We're English-speaking Americans
What they speak may be the same as other people around them but are we sure it's actually English any more?
Dish Network chair Charlie Ergen has offered a pointed response to Japan's SoftBank after it made what he called "personal attacks" in its bidding war with the US company over US mobile network Sprint. The exec said yesterday that Dish is the better bet because its employees are Americans who speak English. Ergen pointed out …
The Japanese generally speak pretty good English as well as Japanese in my experience.
Softbank are generally at the cutting edge when it comes to doing stuff so would be the better bet.
(Blockbuster was/is a part of Dish they don't have a good track record so letting them take on loads more debt is not a good idea when there is a sane option).
I think Americans stopped speaking English in the early 1800s if not before! Those who ever did speak it and not German or Polish or Yiddish or who knows what. Now Spanish, the Samsung of American language - taking over fast apparently, could be the majority language soon.

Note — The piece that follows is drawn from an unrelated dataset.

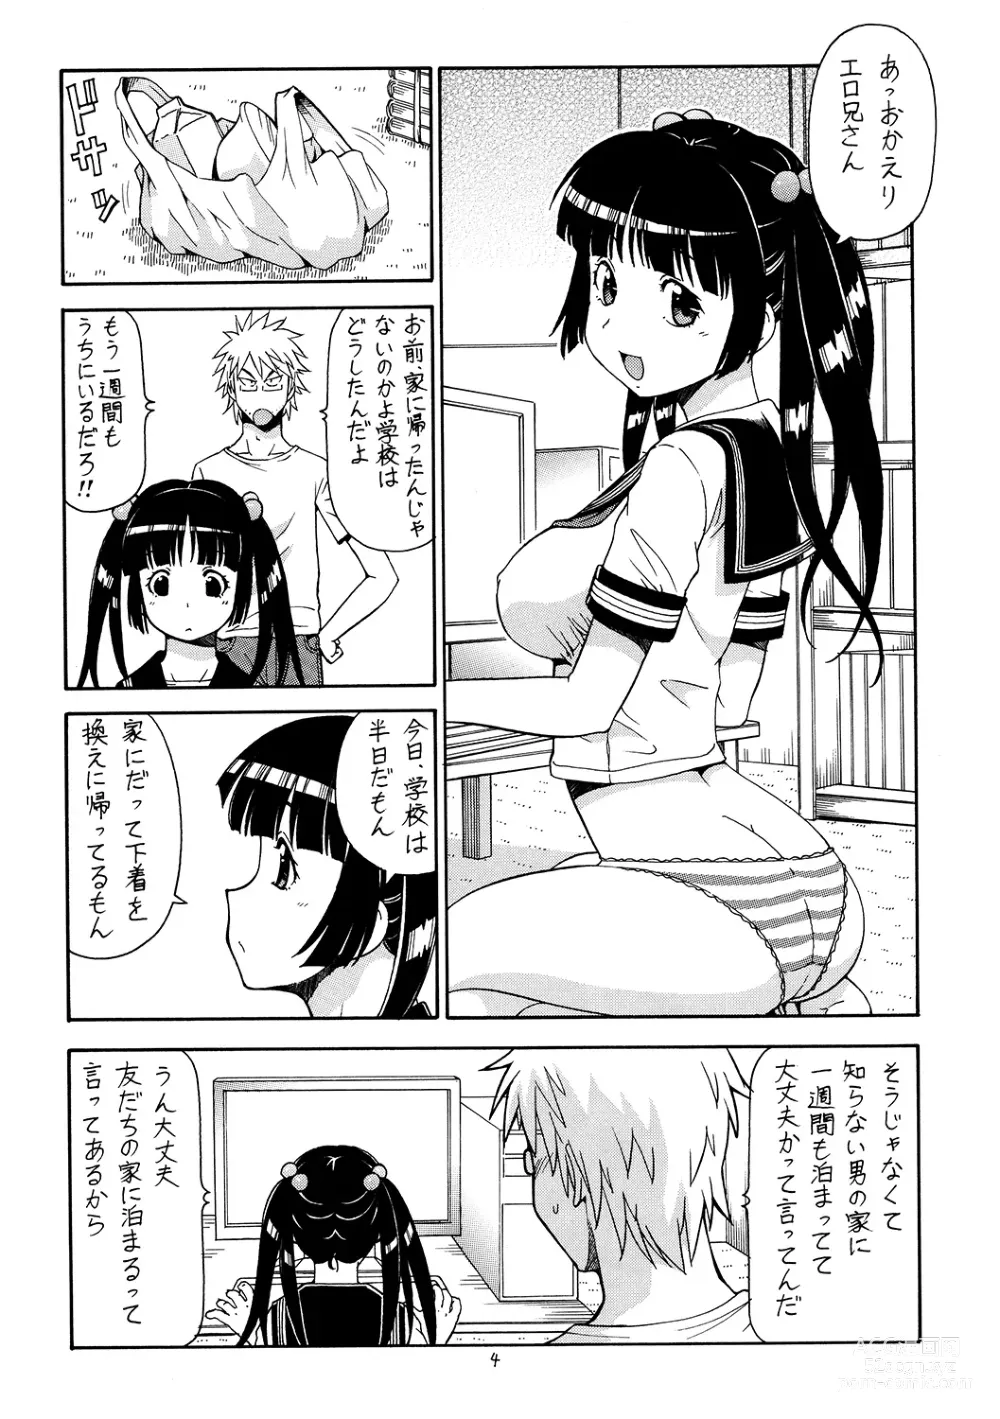 Page 5 of doujinshi Ita Yome Monogatari 2
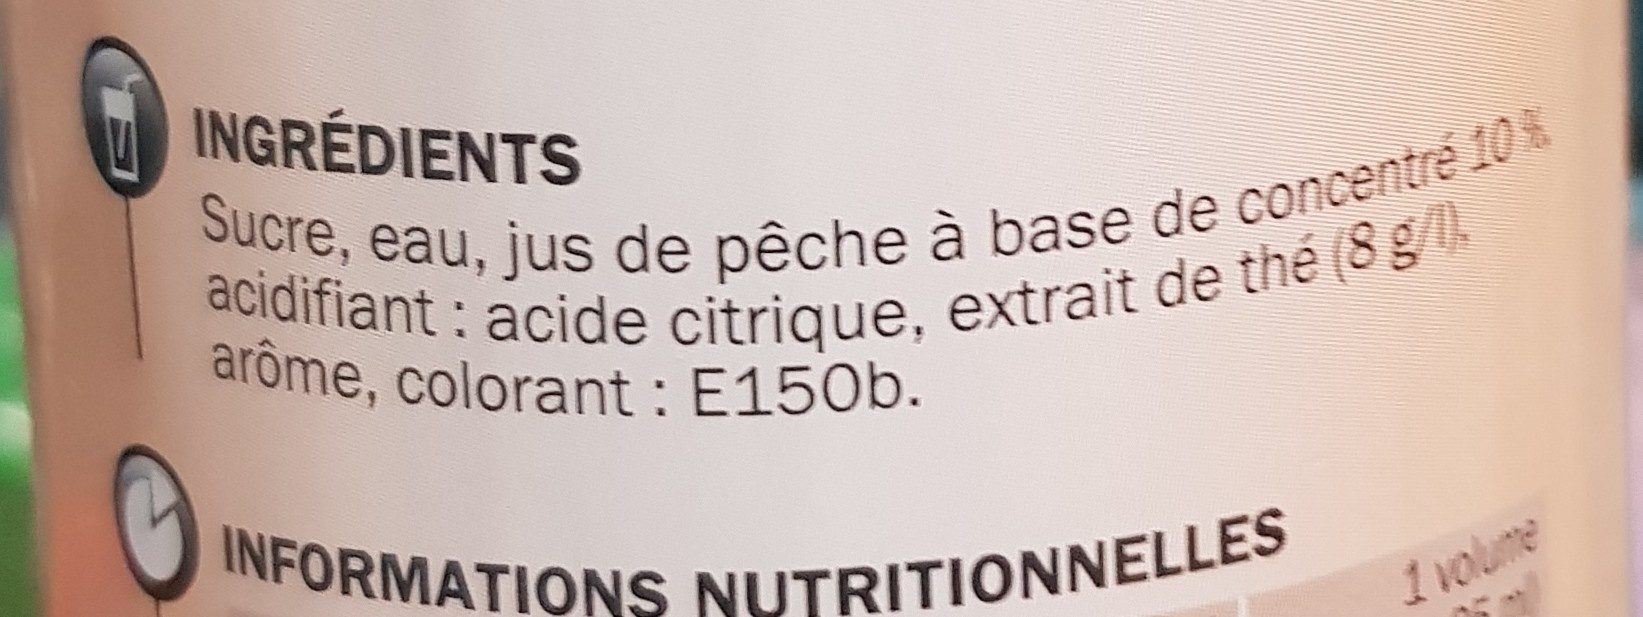 Sirop Thé Pêche - Ingredients - fr

Japanese English, on the other hand, tends to be rather good.
MyBackDoor, if Anonymous Coward’s post* above is the worst that you’ve read here, then count yourself fortunate. It could use some extra punctuation, but it is grammatical†. I also disagree with his conclusion of soon‡, but that’s a different topic.
* — Rather than posts.
† — Rather than grammatically.
‡ — Unless he meant soon on a geological timescale.
Dish has a less than satisfactory record with customer service, not to mention they are price hike hungry (but who isn't anymore).
Japan can stay in Japan. Once the Yen spun out of control, prices have never come back down to what they once were, so the probability of a higher costing network is a little higher with that particular country (yes it is naive, but anything can be used as an excuse for a price hike in today's world).